## Task description
The data below should be printed in full, exactly, and without any of its images.

## Dataset extract
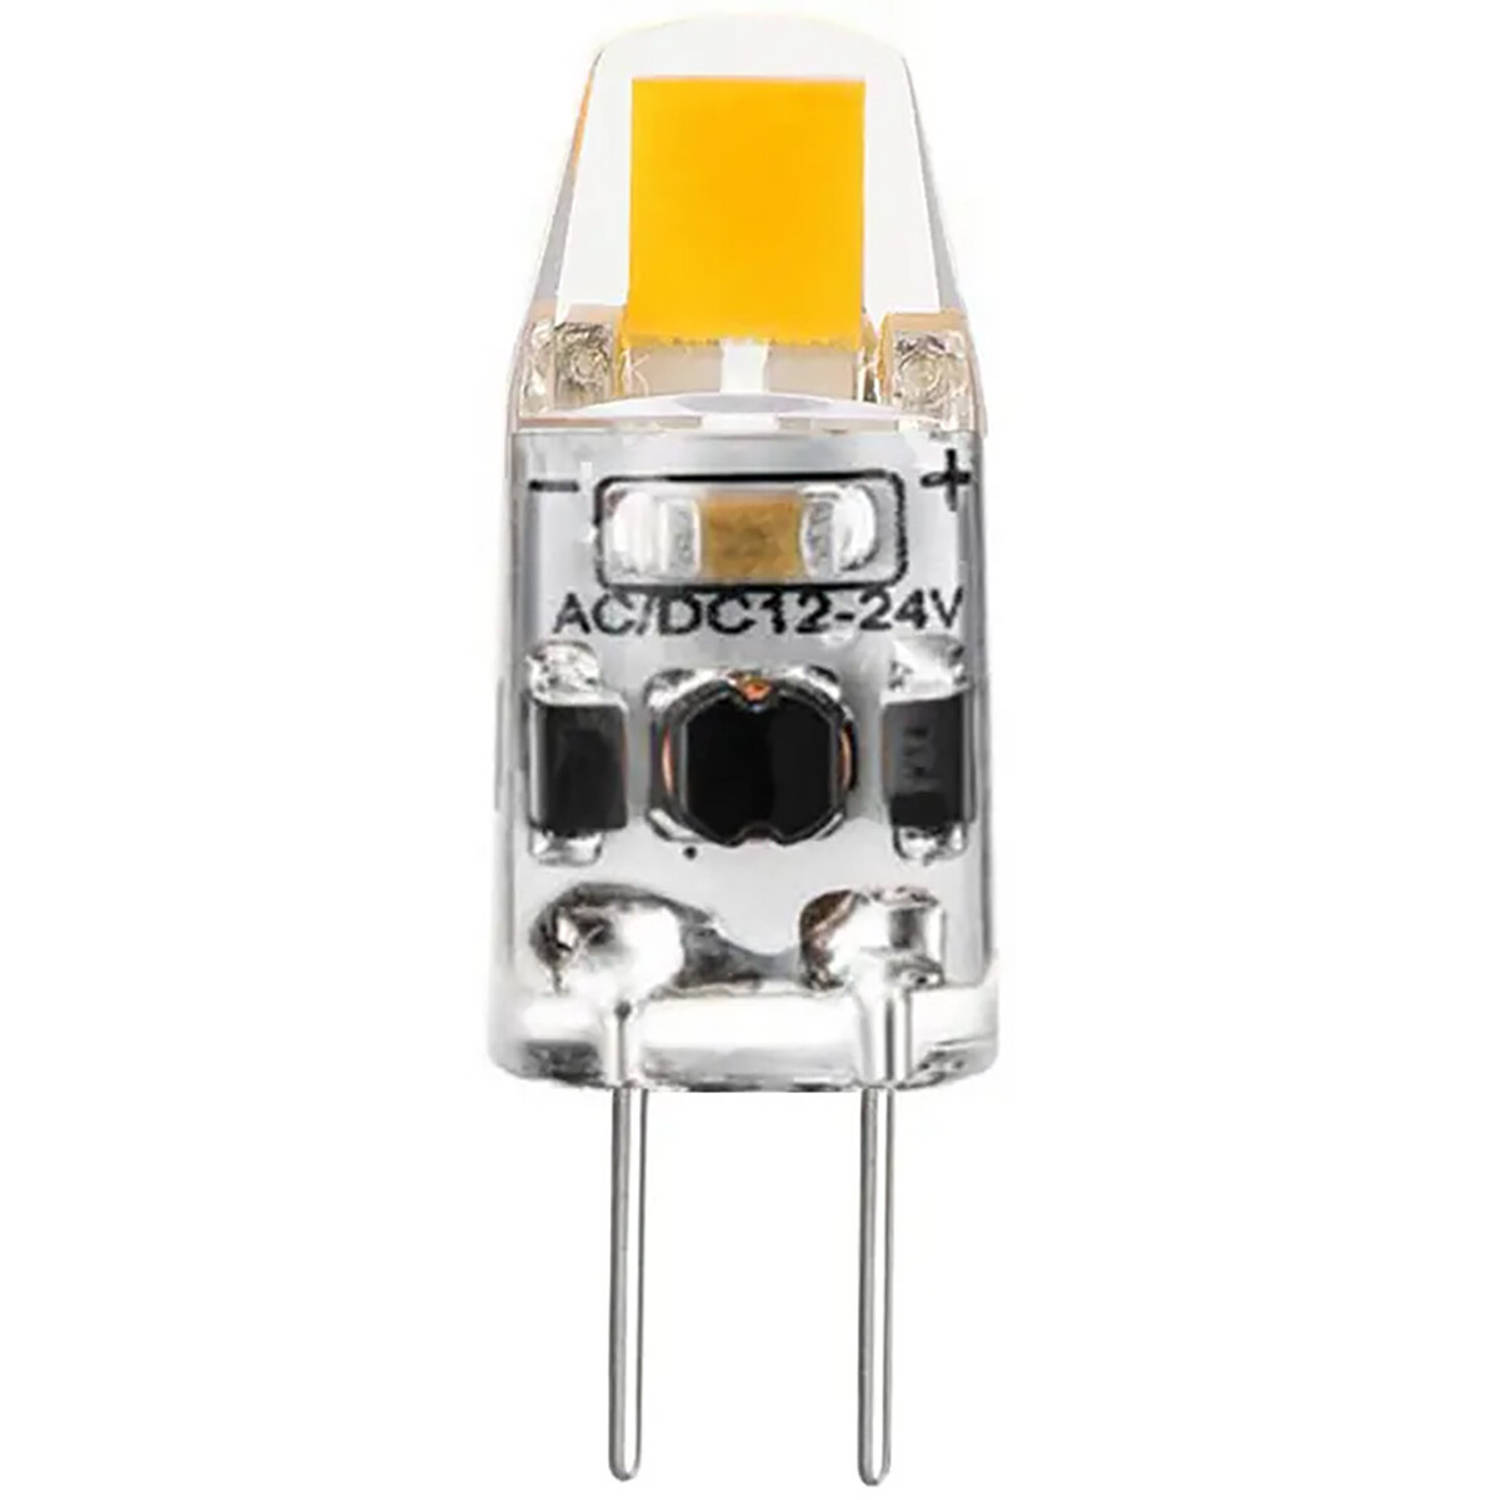 LED Lamp - Velvalux - G4 Fitting - Dimbaar - 2W - Helder/Koud Wit 6000K - 12V Steeklamp Vervangt 20W
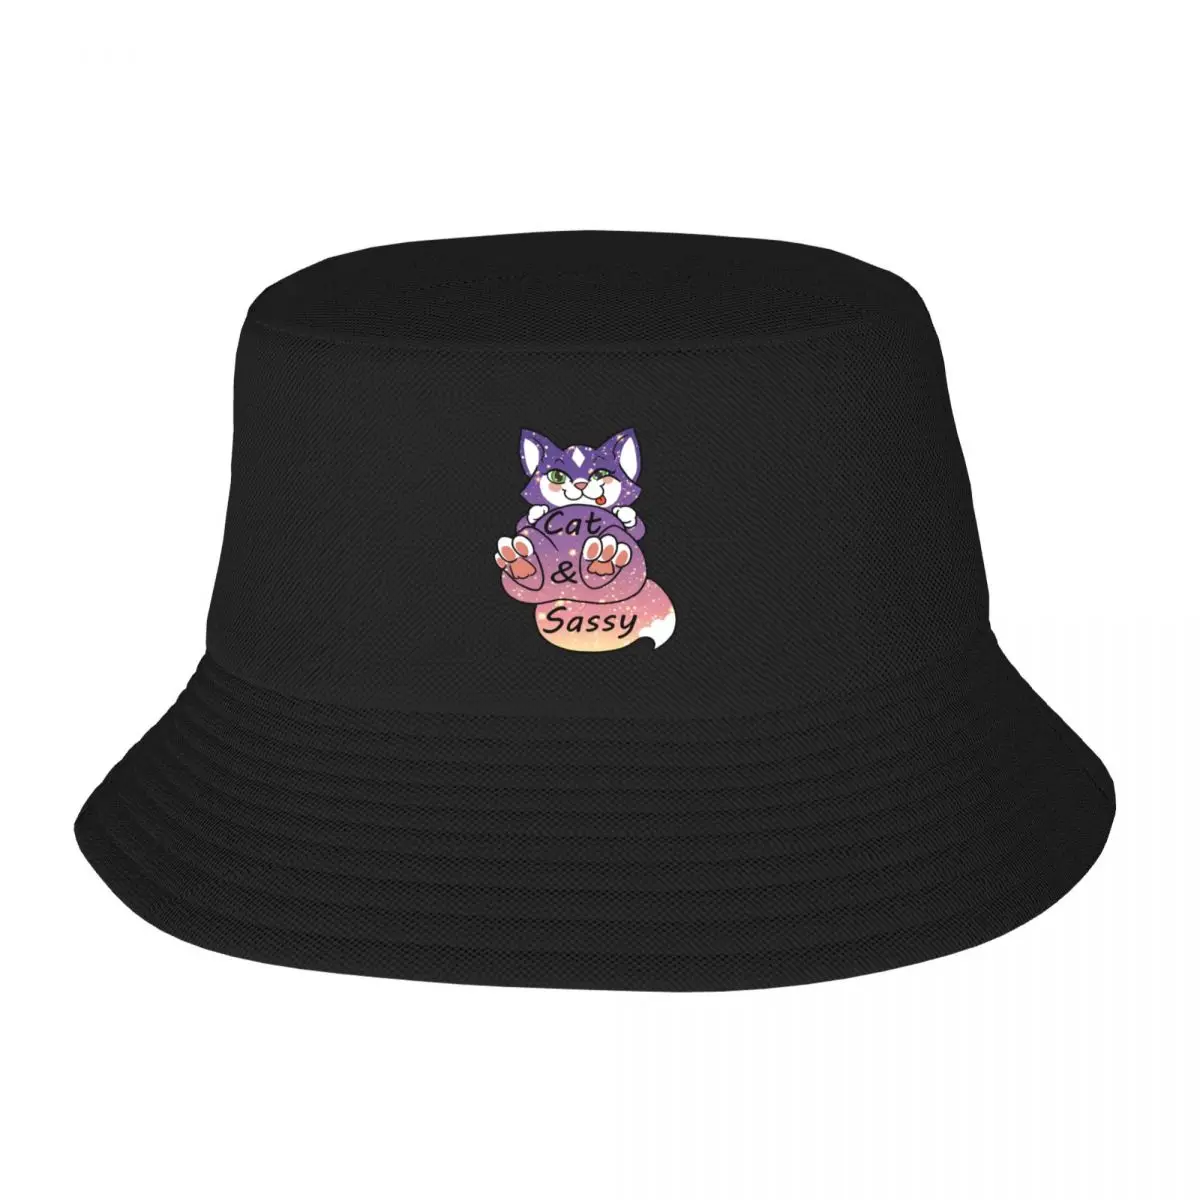 Новая шляпа-ведро Cat & Sassy - Glitter Edition в стиле Хип-хоп, милая шляпа для папы, Мужская Кепка, Женская
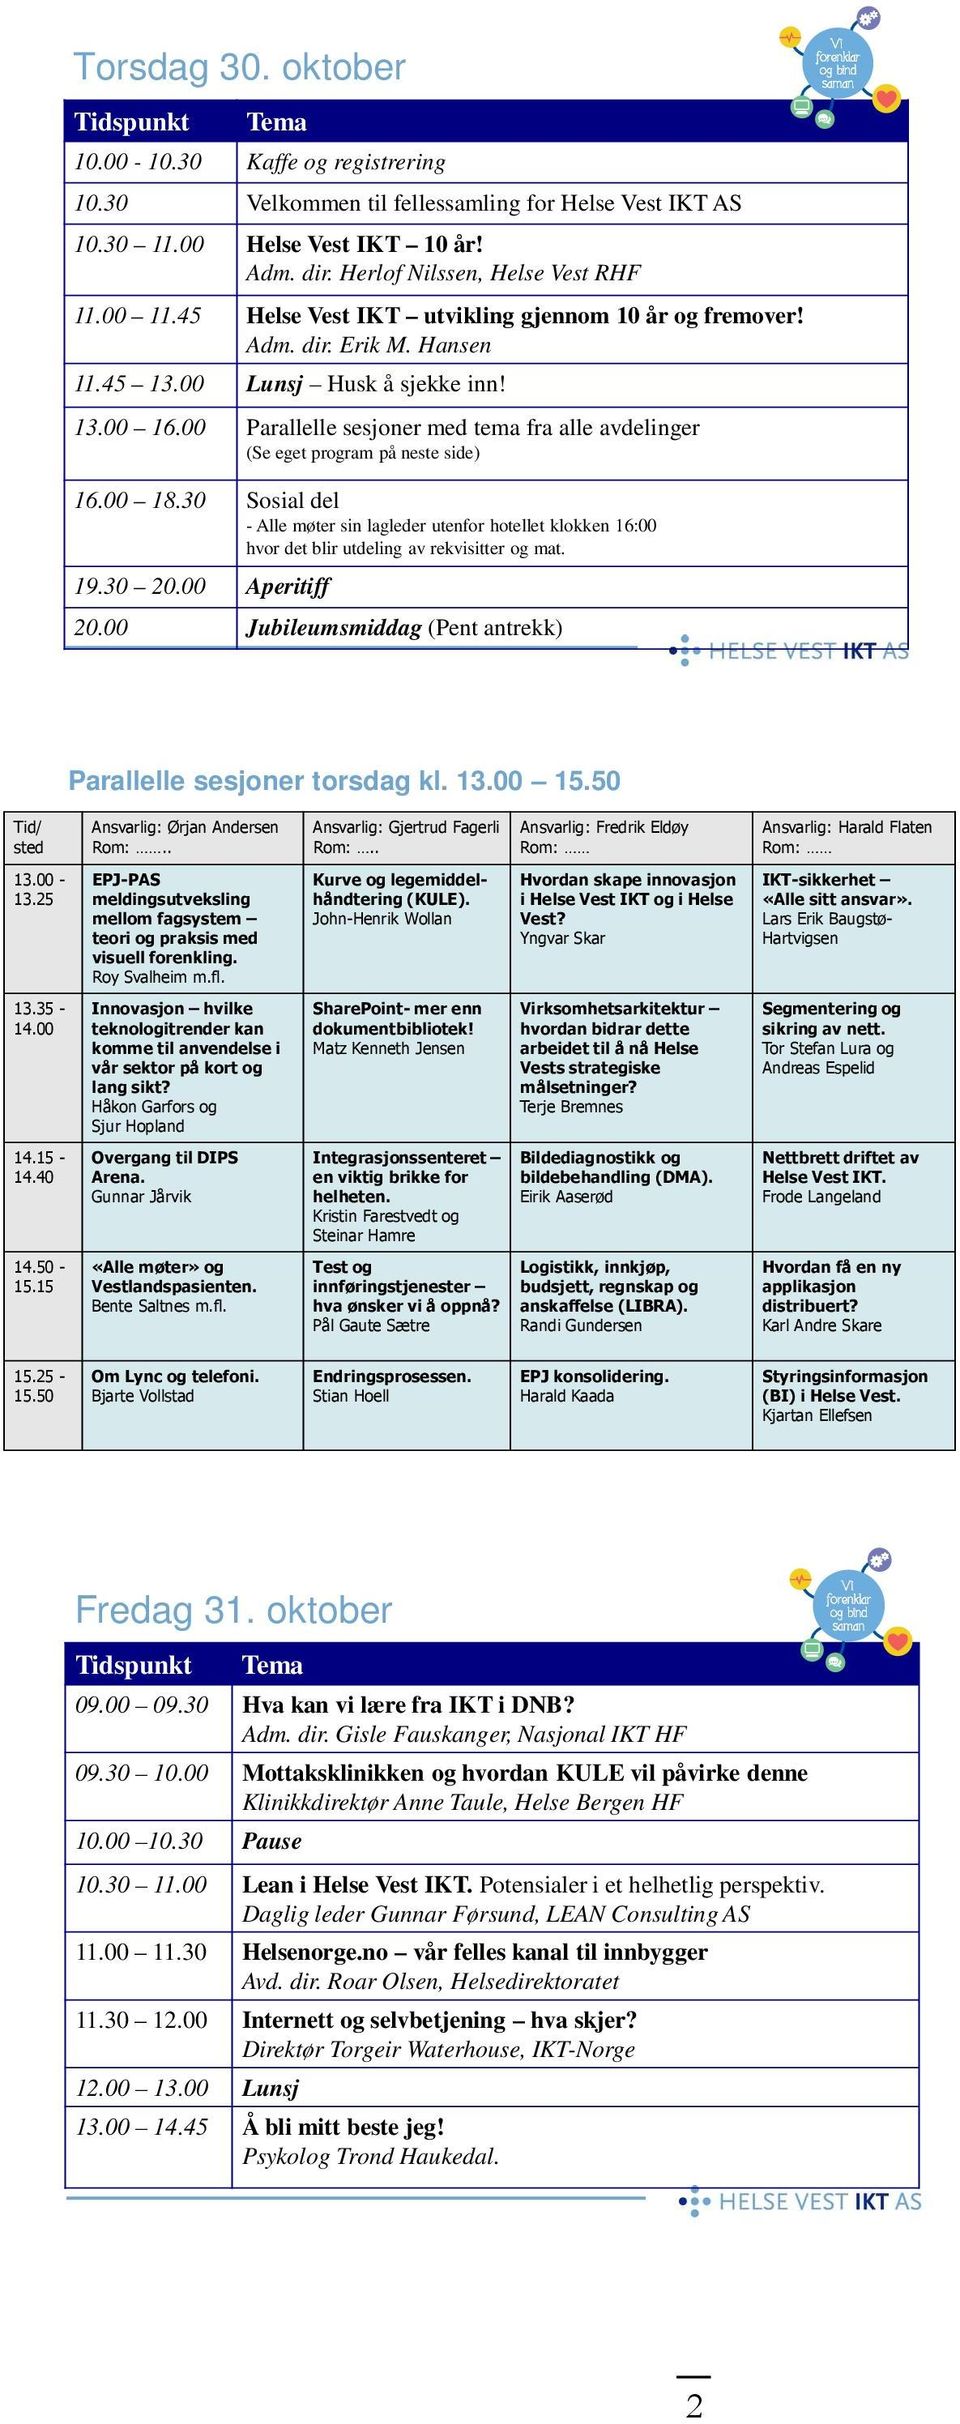 00 Parallelle sesjoner med tema fra alle avdelinger (Se eget program på neste side) 16.00 18.
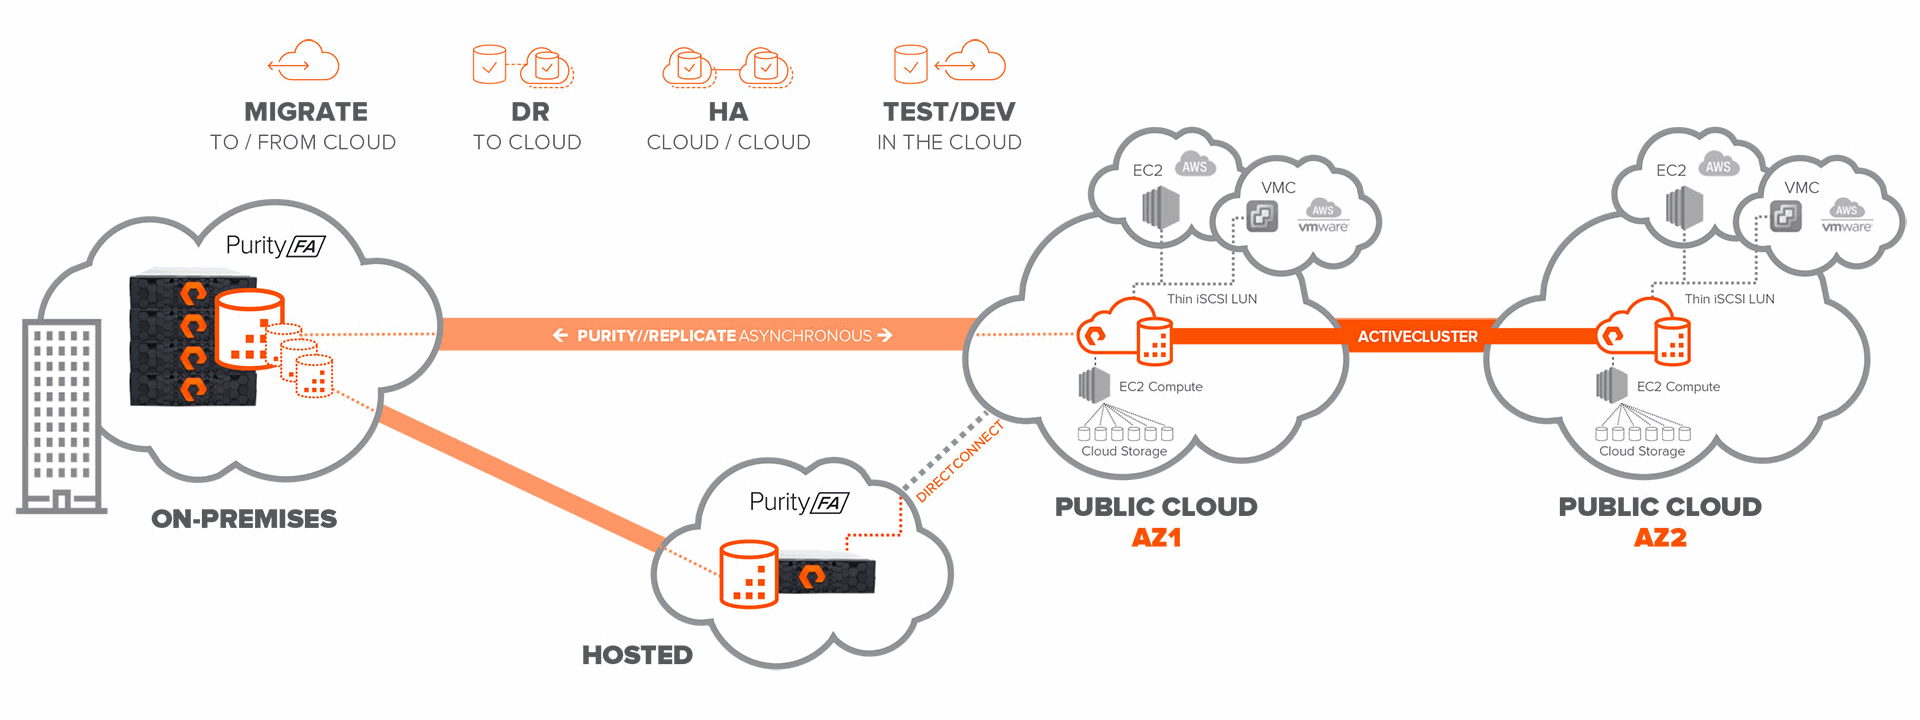 cloud-block-store-diagram.png.imgo.png

## Exercise solution
 LED Lamp - Velvalux - G4 Fitting - Dimbaar - 2W - Helder/Koud Wit 6000K - 12V Steeklamp Vervangt 20W
 Новая шляпа-ведро Cat & Sassy - Glitter Edition в стиле Хип-хоп, милая шляпа для папы, Мужская Кепка, Женская
 00 Parallelle sesjoner med tema fra alle avdelinger (Se eget program på neste side) 16.00 18.
 cloud-block-store-diagram.png.imgo.png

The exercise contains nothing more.